Я уже понял, что она умерла и ее похоронят на кладбище, как хоронили людей и вчера, и позавчера, и каждый день. Я уже привык к этому. Интересно было только, похоронят ли ее с этим пучочком или все-таки вырвут его из руки.
Вспомнив про хлеб с сахаром, я возвращаюсь к своим полоскам. Я не хочу быть последним, хотя я и самый маленький. Я уже понял: тех, кто отстает, подстерегает смерть.
А я любил жить.
Открыли этот интернат в Могильной Хате. Тем детишкам надо бы молочка, а у нас и хлеба-то не было.
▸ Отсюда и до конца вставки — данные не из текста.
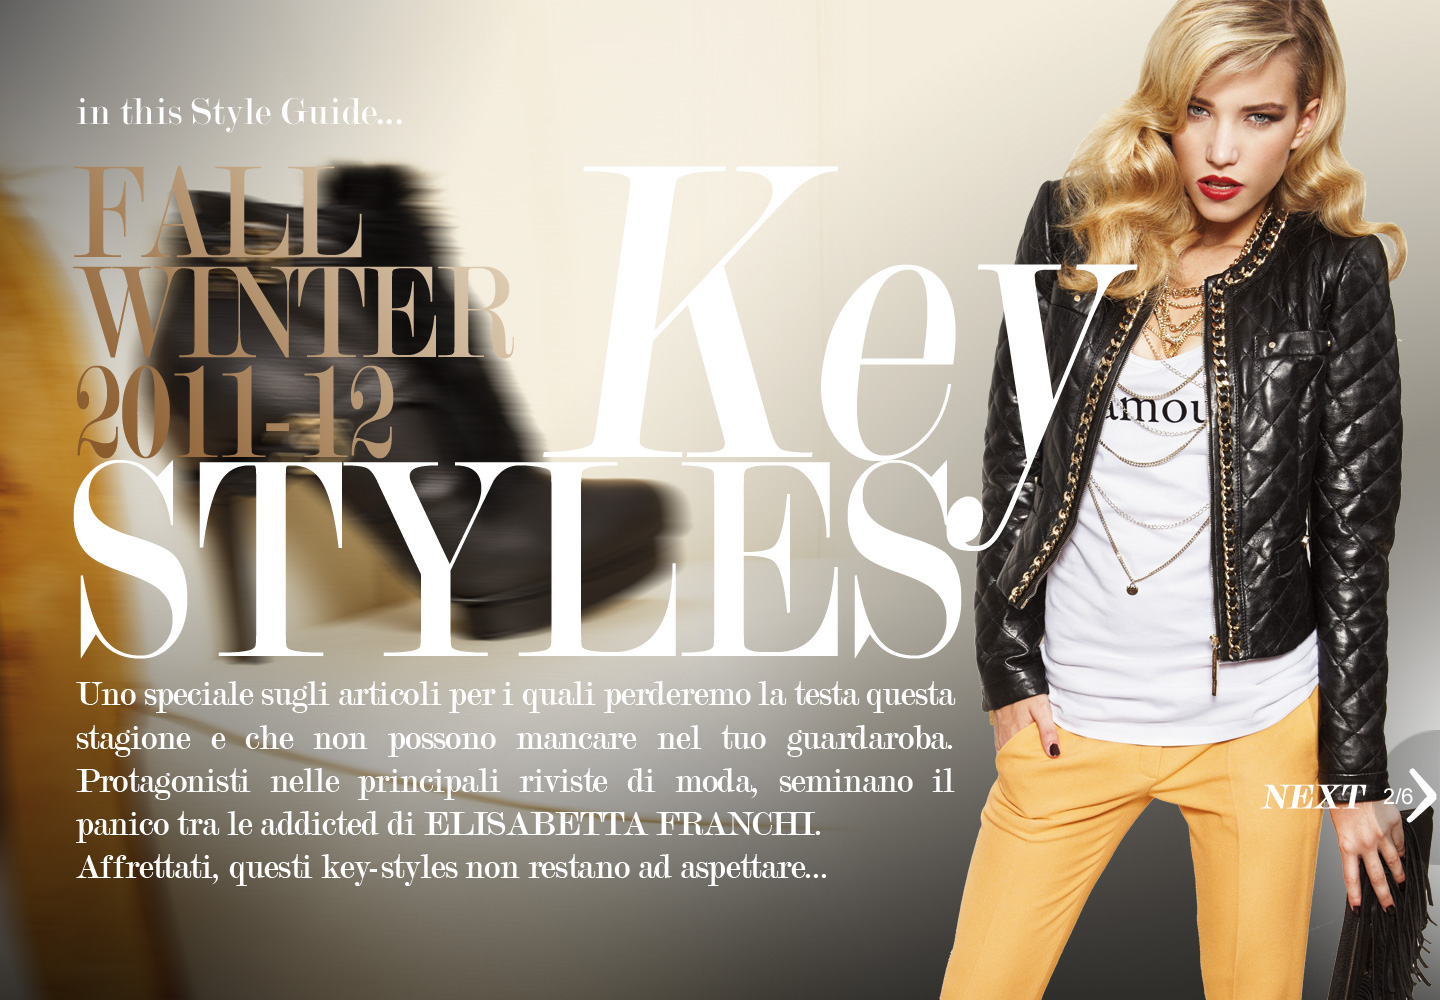 Style guide: Key Styles

Так что кормили их мамалыгой и супчиком с нечищеной картошечкой. Не все выживали, потому что у них уже ничего не задерживалось. Некоторые и ложку в ручках держать не могли, таких мы через тряпочку кормили, как грудничков. И все-таки они постепенно оживали. Со временем начали ходить, даже улыбаться; какая же тяжкая была она для нас, эта улыбка. В интернат брали только круглых сирот, а голодных набиралось намного больше, и все они тянулись к интернату, как подсолнух к солнышку, в надежде получить хоть какую-нибудь еду. Они тут, около интерната, и жили. Один раз вышла я и вижу — сидит хорошенькая, как ангелочек, девочка.
— Как тебя зовут? — спрашиваю ее, а она только глазенками синенькими поводит да все на мои руки поглядывает, нет ли у меня чего.
— Дайте, тетечка, хоть ложечку мамалыги, моя мама не сегодня-завтра умрет, и тогда меня возьмут к вам, а я могу не дожить…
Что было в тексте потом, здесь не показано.